I am currently reading Sykes on Hooker, a relief from Atkinson. Sykes is demonstrating that it is more likely that Hooker would have supported the ordination of women to the priesthood with neat little paragraphs like the one below.
In order to be critical, we are encouraged to find those scholars who might argue with one another so that as students we can pick flaws in their arguments and propose some theories of our own. Emmm, I wonder if I can drop my presuppositions long enough to hear out both theories and consider whose might be the most convincing.
Those who urge the Church's tradition as an argument against women's ordination are inconsistent with that tradition in failing to deplore female monarchs, prime ministers, members of parliament or members of church synods, heads of church colleges, and chairpersons of bodies of great power in state and church. To have capitulated in this arena in order to preserve a cordon sanitaire around the Church's ministry is absolutely to have abandoned Hooker's position.

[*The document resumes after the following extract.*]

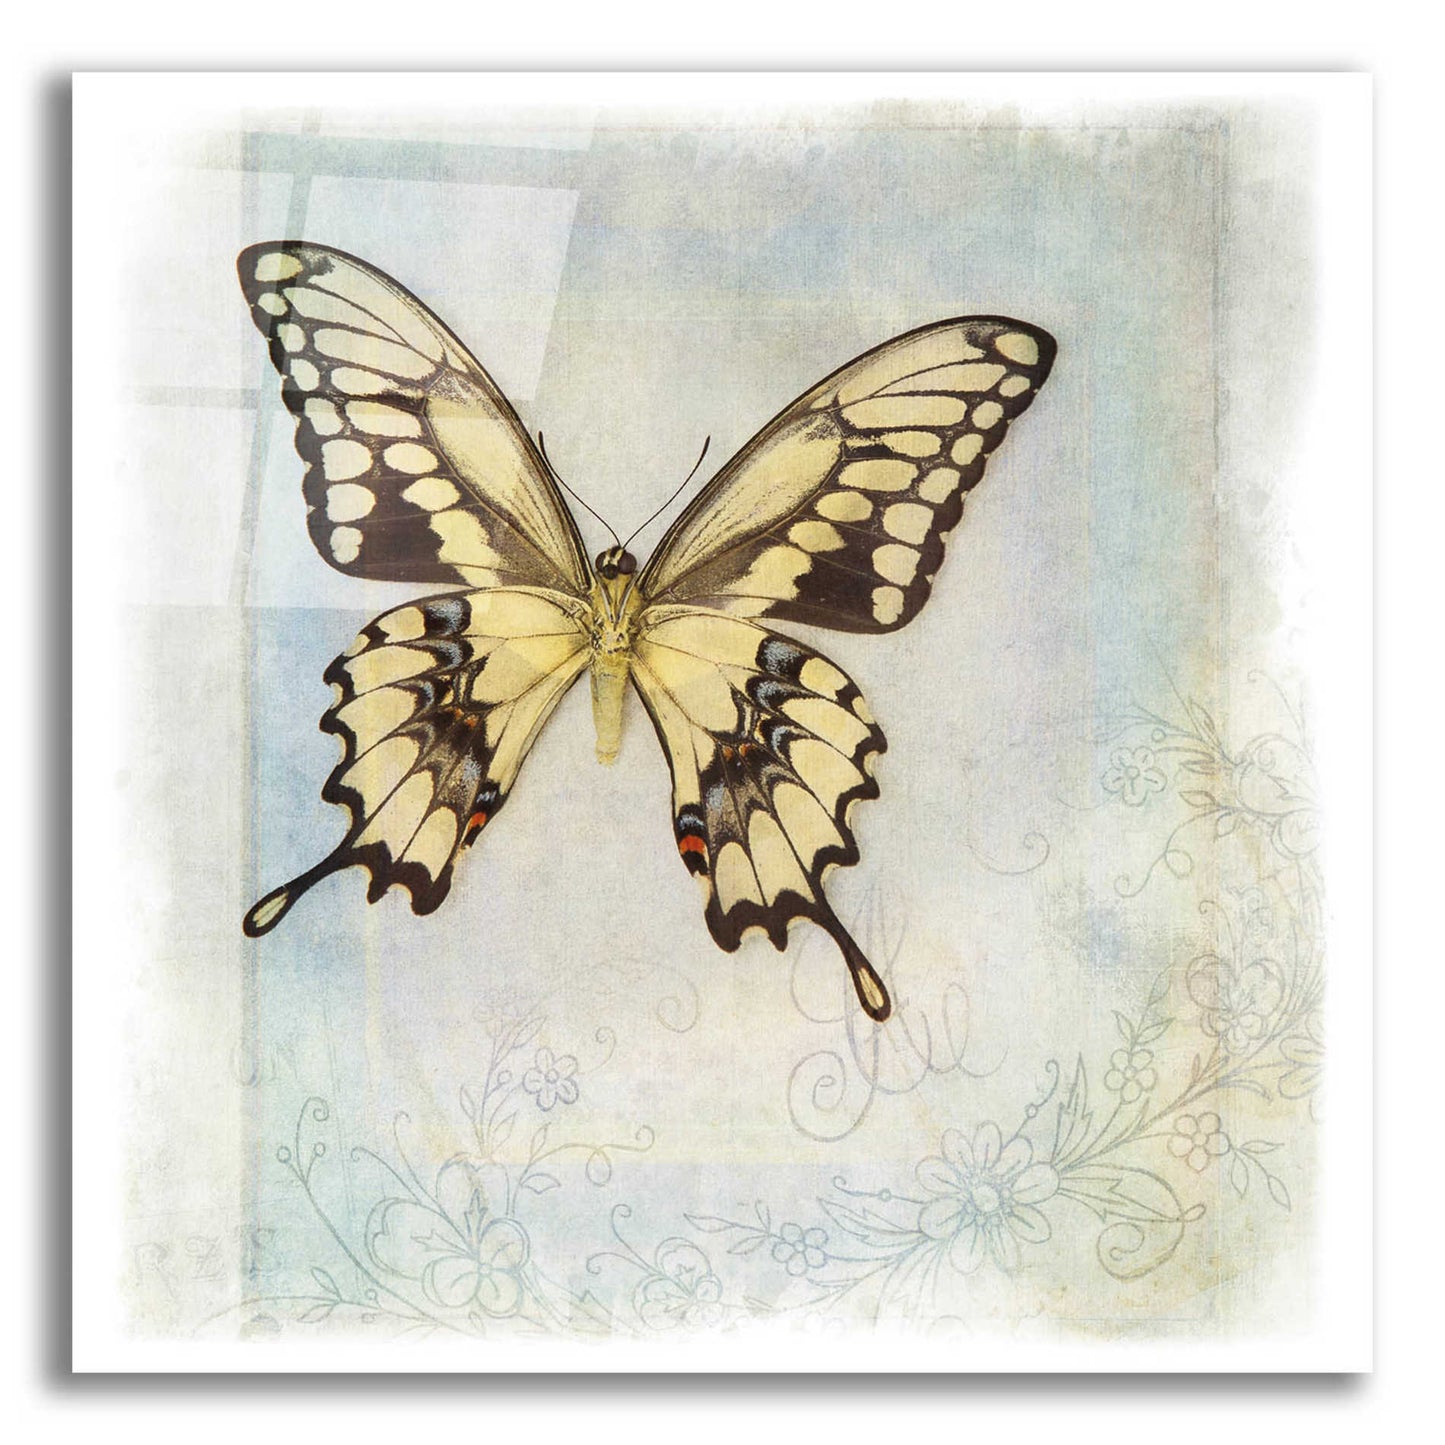 Epic Art 'Floating Butterfly V' by Debra Van Swearingen, Acrylic Glass Wall Art,12x12

What we discover, then, in Hooker is an undeniably Anglican doctrine of the Church that enables us to reflect seriously on the implications for church polity of a new understanding of female/male relationship. It is a position that has no obligation to be unremittingly hostile to church tradition in order to satisfy the instincts of radical feminism, nor, on the other hand, is it obliged to assume the immutability of laws even of divine origin. It is a position, moreover, that has a high doctrine of the apostolic ministry, and no a priori objection to the existence of a hierarchy. It would not feel obliged to impose the same structures upon all cultures at the same time, and could enjoy what Hooker describes in a felicitous phrase as the "manifold and yet harmonious dissimulitude of those wayes whereby his Church upon earth is guided from age to age.
After Eve, Janet Martin Soskice, ed. (London Marshall Pickering, 1990)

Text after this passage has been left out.